Several lines of evidence indicate a common origin of the different populations of adult stem cells: (1) the plasticity of adult stem cells; (2) the widespread presence of stem cells in a variety of tissues; and (3) the ability of these stem cells to undergo hematopoietic differentiation. Although this common origin could be attributed to the presence of circulating stem cells, a common developmental origin is more likely.

Pericytes could be the common origin of the adult stem cells found in different tissues. In muscle, some pericytes (e.g. CD45− MDSCs) may be more committed to myogenic differentiation, while others (e.g. CD45+ MDSCs) may be less so, unless stimulated by signaling molecules such as Wnt. Less committed MDSCs may retain more of their hematopoietic potential [5], a property shared by stem cells isolated from other tissues [16]. However, compared to hematopoietic stem cells isolated from bone marrow, MDSCs’ ability to differentiate into blood cells is much more limited [23]. Thus, it is likely that pericytes may contribute to the stem cell pool of all types of tissues, but most of the pericytes located in a particular tissue may already be imprinted to differentiate into the lineages of the tissues in which they reside. Alternatively, the microenvironments of each tissue could affect the differentiation potential of some populations of pericytes, and thereby lead to the existence of both tissue-specific and tissue non-specific stem cells in all the tissues containing vasculature [24]. Notably, the distinction between these two populations of stem cells is not permanent; tissue non-specific stem cells could become more tissue-specific under the influence of environmental factors.

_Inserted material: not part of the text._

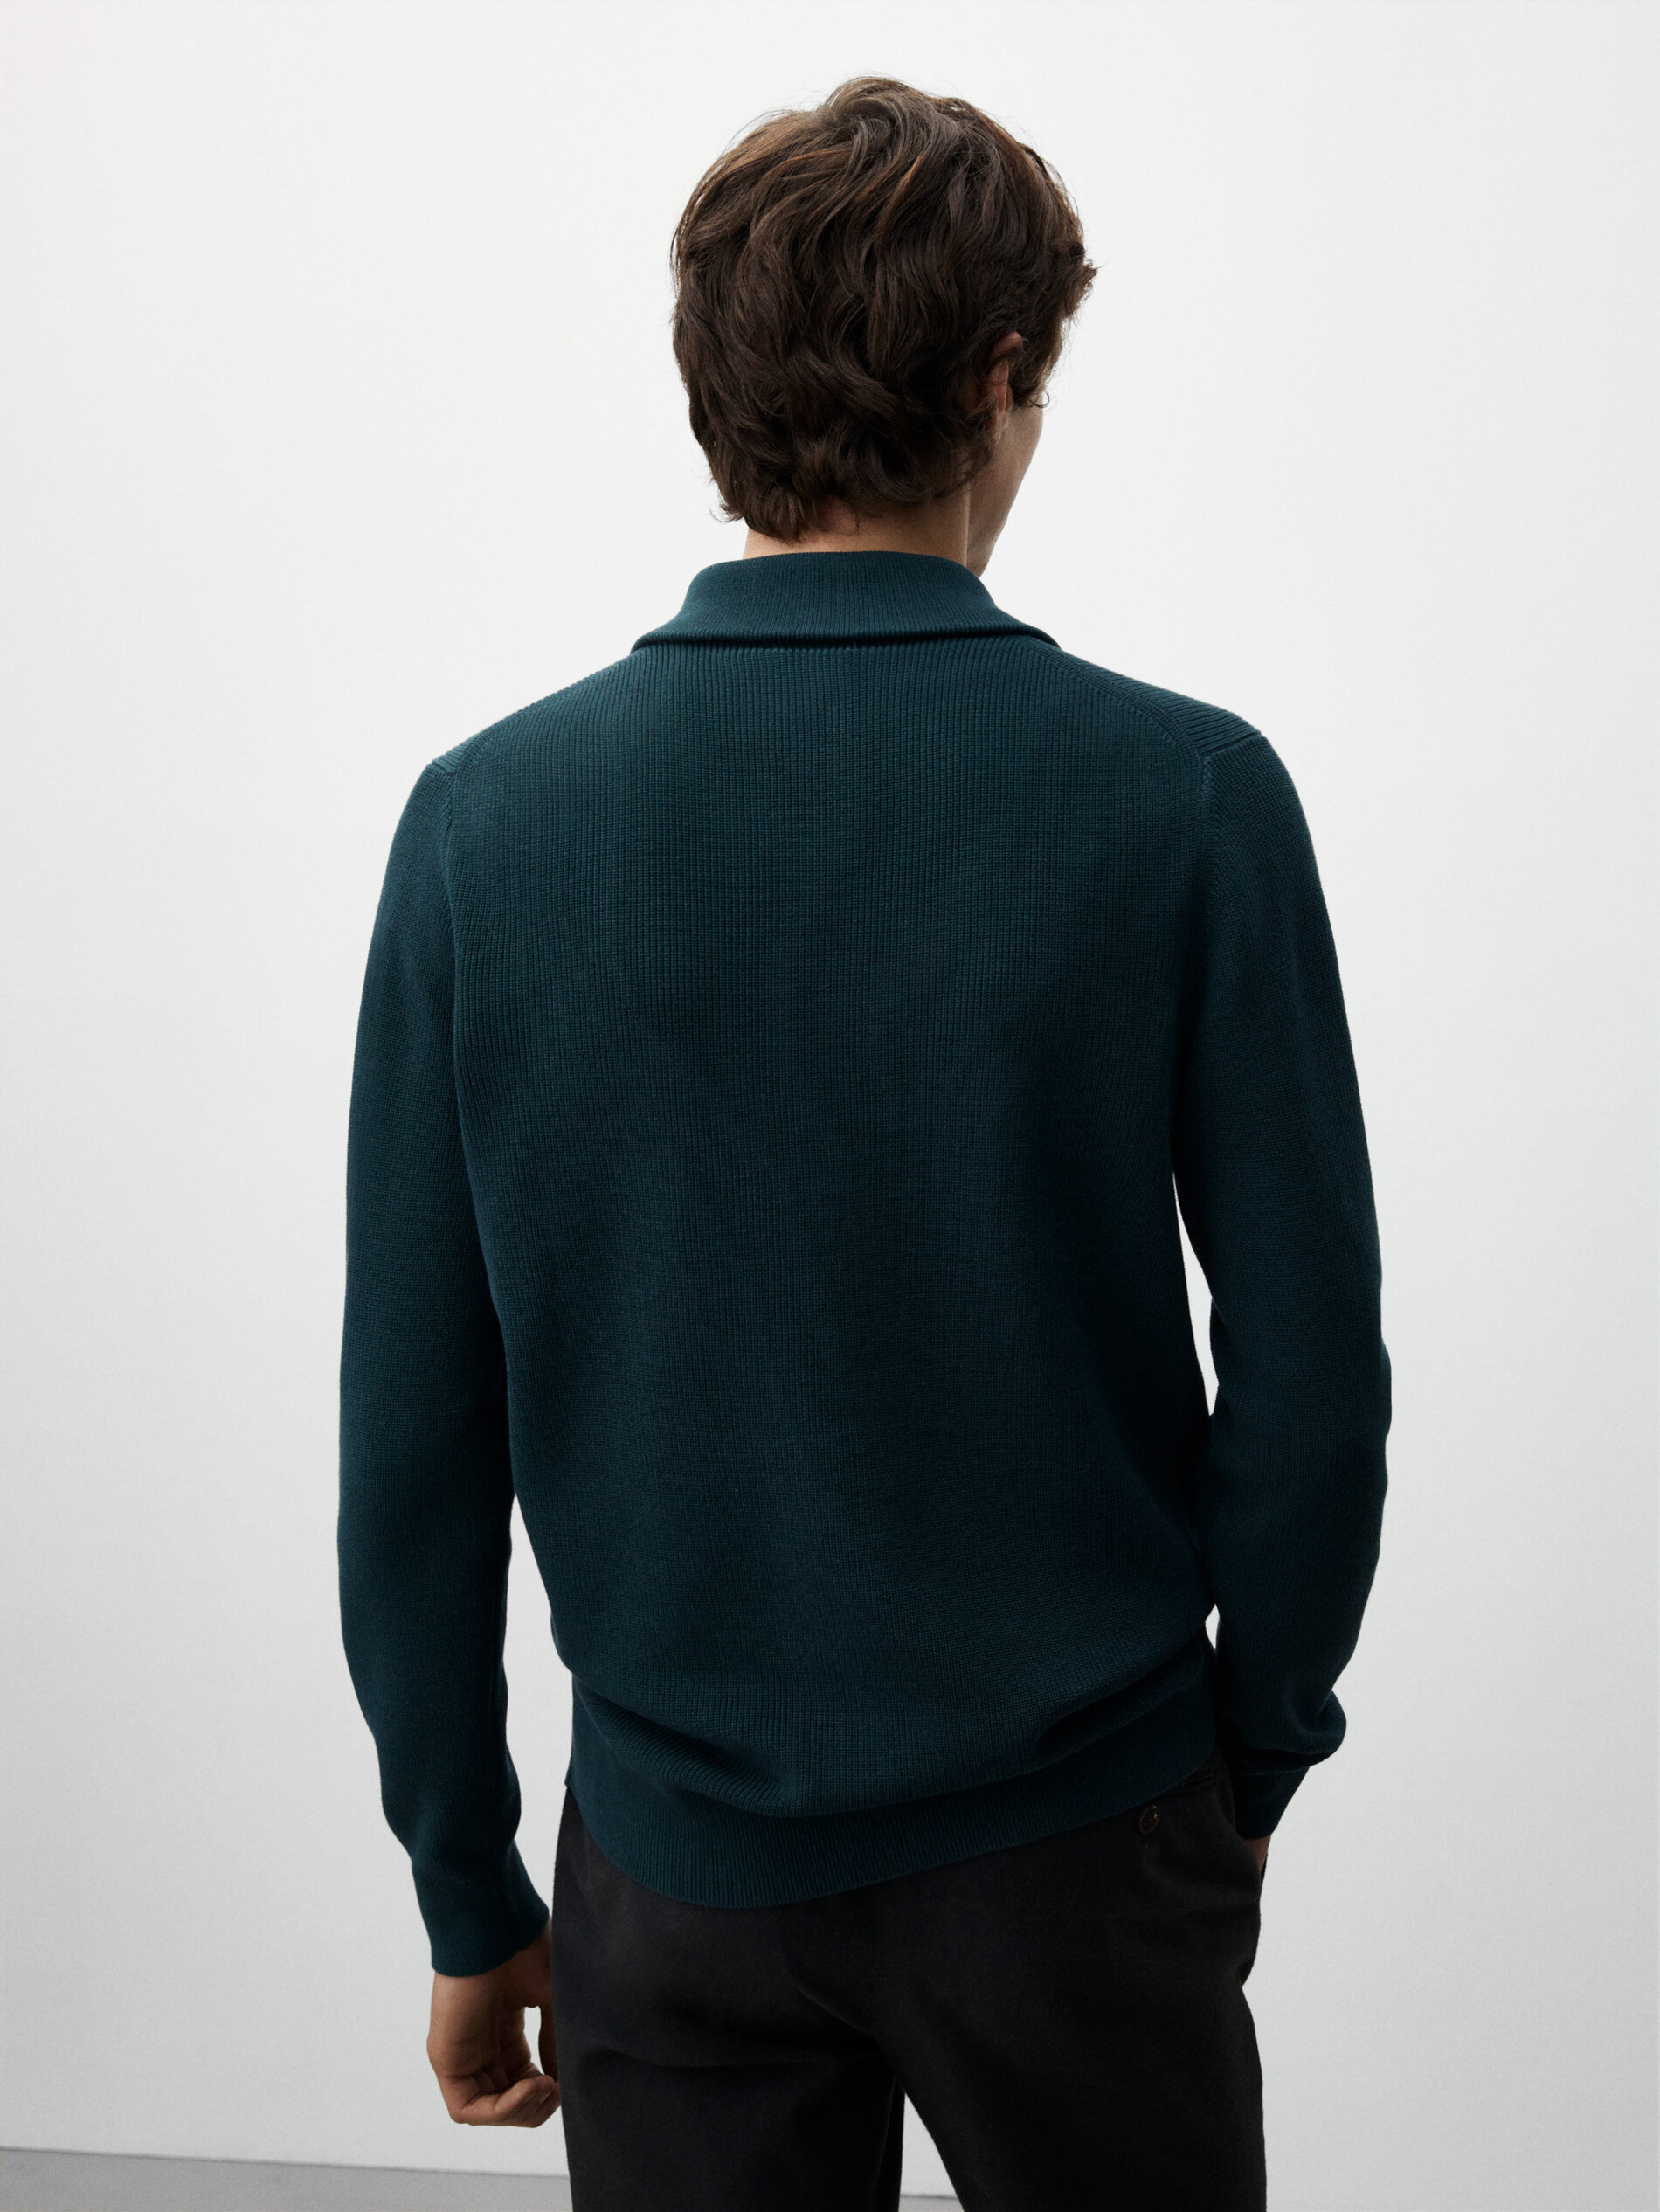 Massimo Dutti - Mock neck knit sweater with a zip
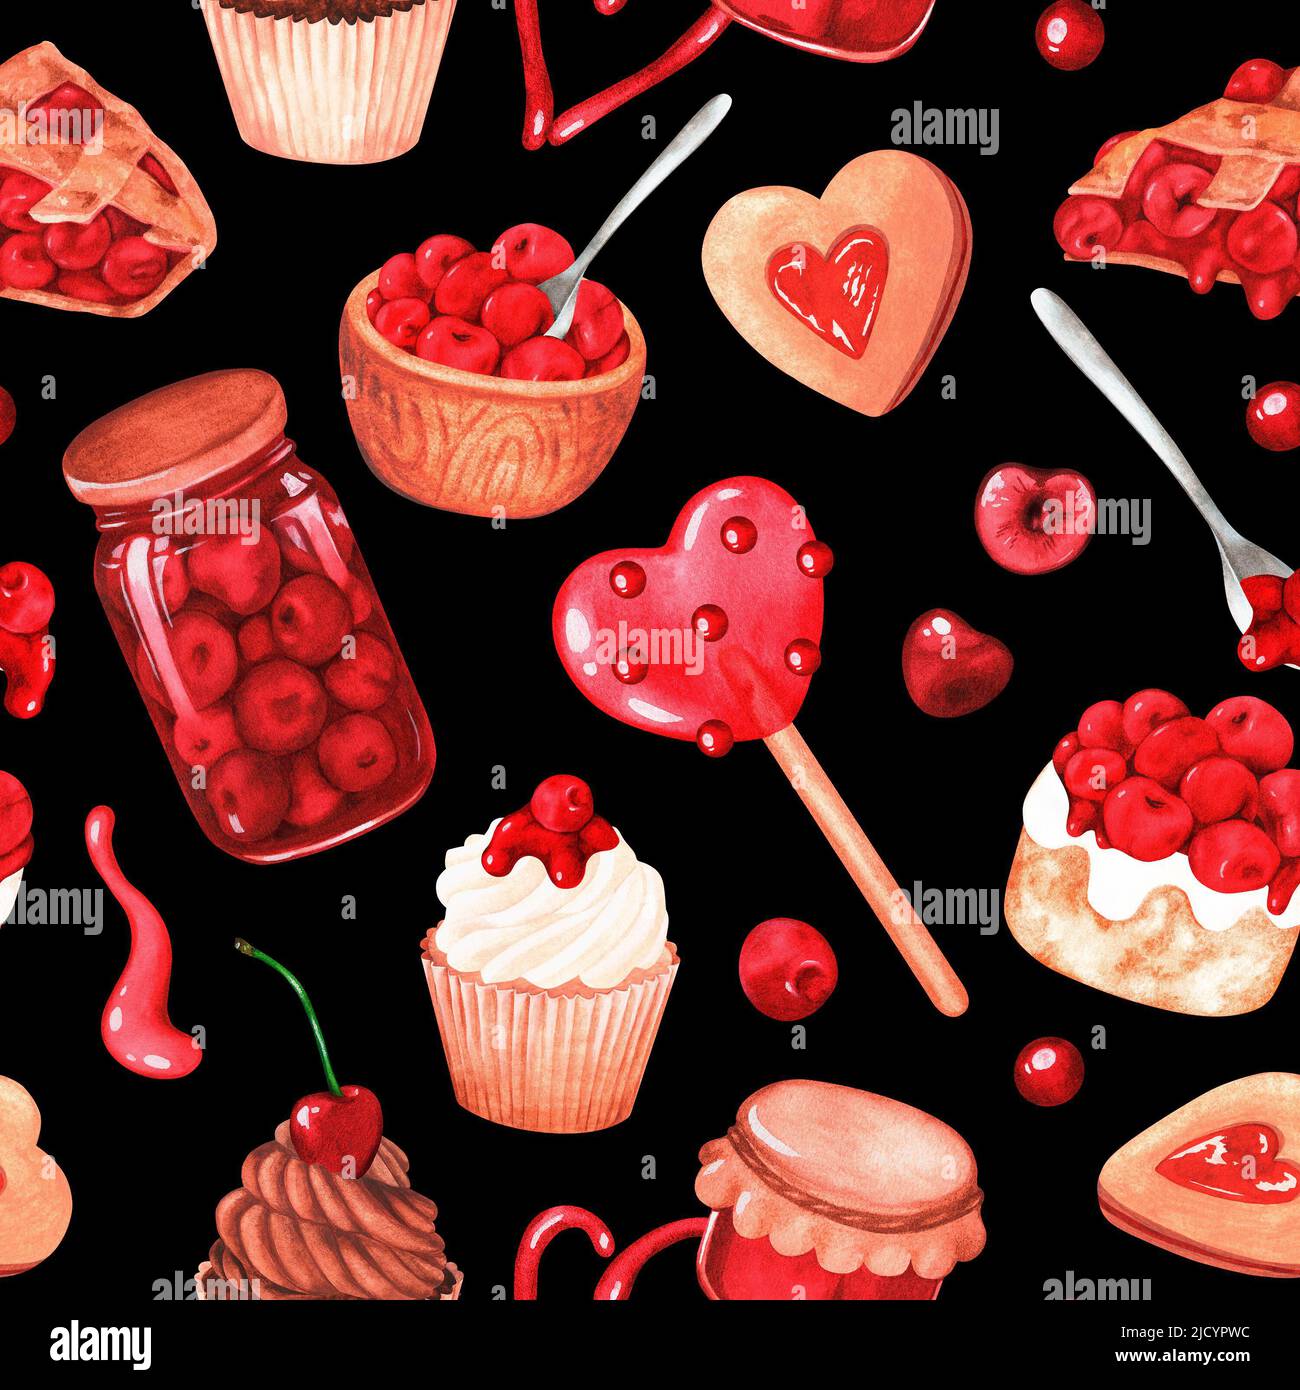 Cherry sweets Seamless Pattern. Watercolor illustration. Isolated on a black background. For your design fabrics, packaging paper, cookbooks, aprons Stock Photo

One of the important issues in the study of MDSCs is the identification of factors that regulate MDSC self-renewal and differentiation. In recent studies we have identified several growth factors, including fibroblast growth factor-2 (FGF-2), epithelial growth factor (EGF), insulin-like growth factor-1 (IGF-1), and stem cell factor (SCF), that can enhance the in vitro proliferation of MDSCs through shortening the cell cycle and activating quiescent cells [25]. Recently, Wnt signaling has been shown to improve both cell growth and the self-renewal ability of hematopoietic stem cells [26], [27]. In light of the possible common origin of adult stem cells, it is likely that some of the regulatory pathways identified in other stem cells, especially hematopoietic stem cells, may also operate in MDSCs. It is feasible that some types of Wnt proteins enhance the myogenic potential of MDSCs, while others promote the self-renewal of these cells.